AI companies compete with the US Treasury for capital, driving up interest rates the government can't afford. Simultaneously, AI aims to eliminate white-collar jobs that form the core of the federal tax base. This creates a "snake-eating-its-own-tail" dynamic that pushes the US closer to a fiscal crisis.
Hoping AI will grow the economy out of its debt burden is flawed. The massive investment required to boost GDP growth (G) competes for capital, inadvertently raising interest rates (R). In the short term, this can increase the debt service cost (the R-G spread), potentially worsening the debt spiral before any productivity gains are realized.
Surging investment in AI infrastructure, often financed through debt, creates significant new competition for global savings. This increased demand for capital from the private sector clashes with massive government borrowing needs, contributing directly to the structural rise in global bond yields by altering the savings-investment balance.
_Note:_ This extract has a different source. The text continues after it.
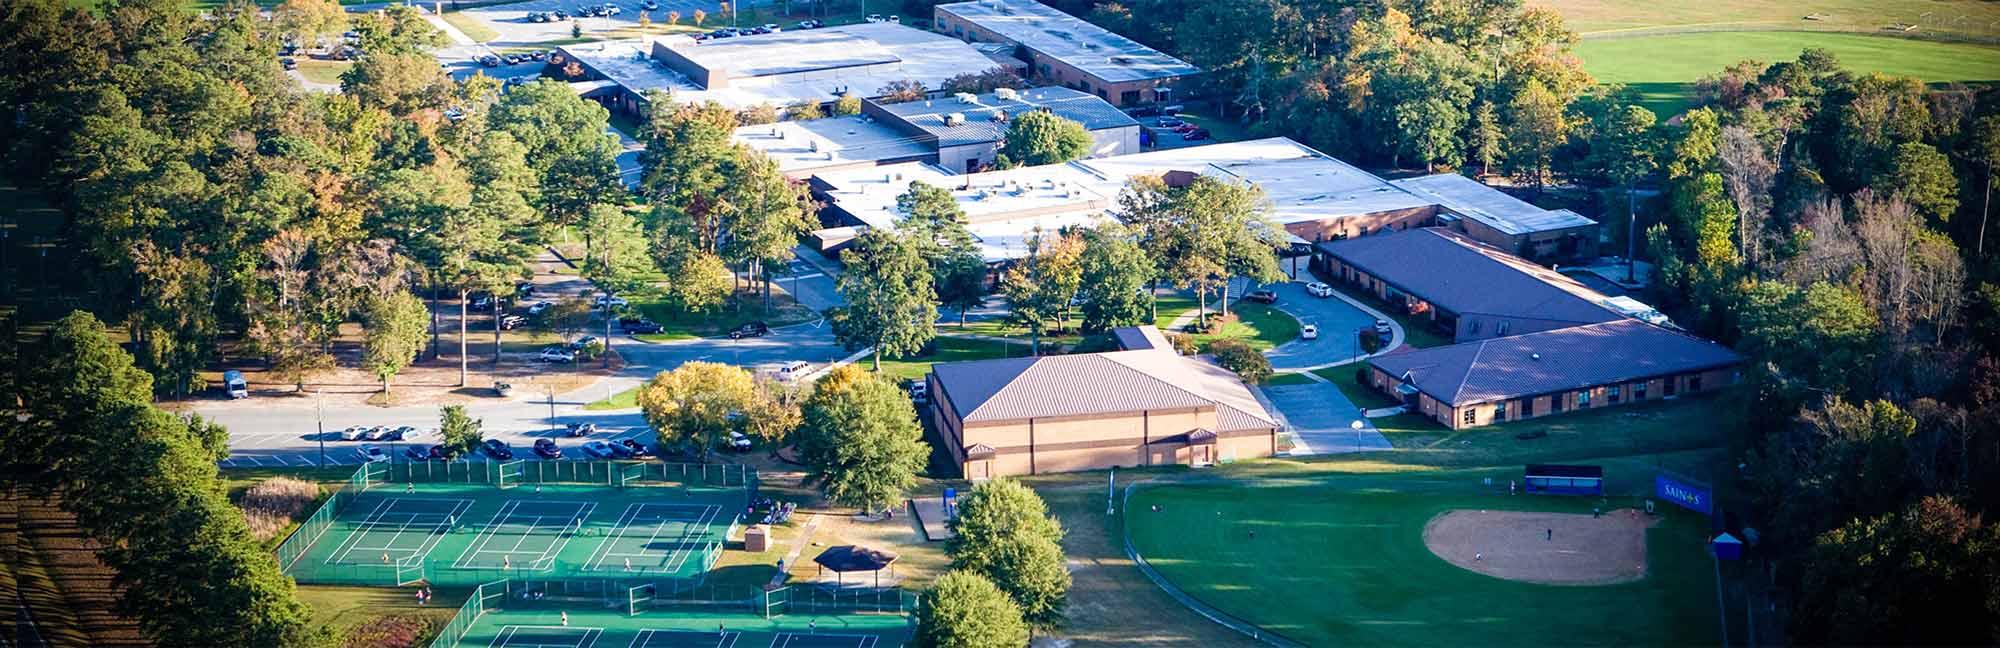 Nansemond-Suffolk Academy in Suffolk, VA - Niche

The AI build-out increases real interest rates by demanding vast amounts of capital, crowding out other investments. Simultaneously, it pushes up nominal rates by creating inflationary pressure on physical resources like labor, energy, and materials needed for data centers.
Contrary to the idea that AI justifies rate cuts, the boom is likely increasing the neutral rate of interest (R-star). By stimulating corporate investment and household consumption, AI creates upward pressure on rates, which limits the Federal Reserve's ability to ease monetary policy.
AI data center investments are viable because long-term leases cover initial costs, leaving developers with a valuable future asset. Rising rates increase lease costs and decrease the present value of that future asset, threatening the financial viability of the entire AI infrastructure buildout.
Contrary to the belief that AI is purely deflationary, its initial impact is inflationary. The massive, immediate demand for investment in data centers, chips, and energy far outweighs any short-term productivity benefits. This capital-intensive build-out puts upward pressure on interest rates and prices across the economy.
The macro trend of rising bond yields creates a specific, acute risk for the AI sector. Many AI startups are funded by floating-rate private credit, and their debt service costs will explode as rates rise. This is compounded by high CapEx and an inability to scale revenues proportionally, creating a potential crash.
The biggest risk to capital-intensive AI ventures isn't a lack of demand but losing access to cheap financing. The current boom is built on borrowing long-dated money at low rates (e.g., 6%). A shift to a higher yield environment (8-10%) would make funding massive, negative cash-flow projects untenable.
While an AI productivity boom could significantly reduce the US primary deficit, economist Ben Harris argues this optimism must be tempered. His model shows that five factors—longer life spans, lower labor participation, a shift to lower-taxed capital income, an AI arms race, and higher interest rates—will erase roughly half the fiscal gains from growth.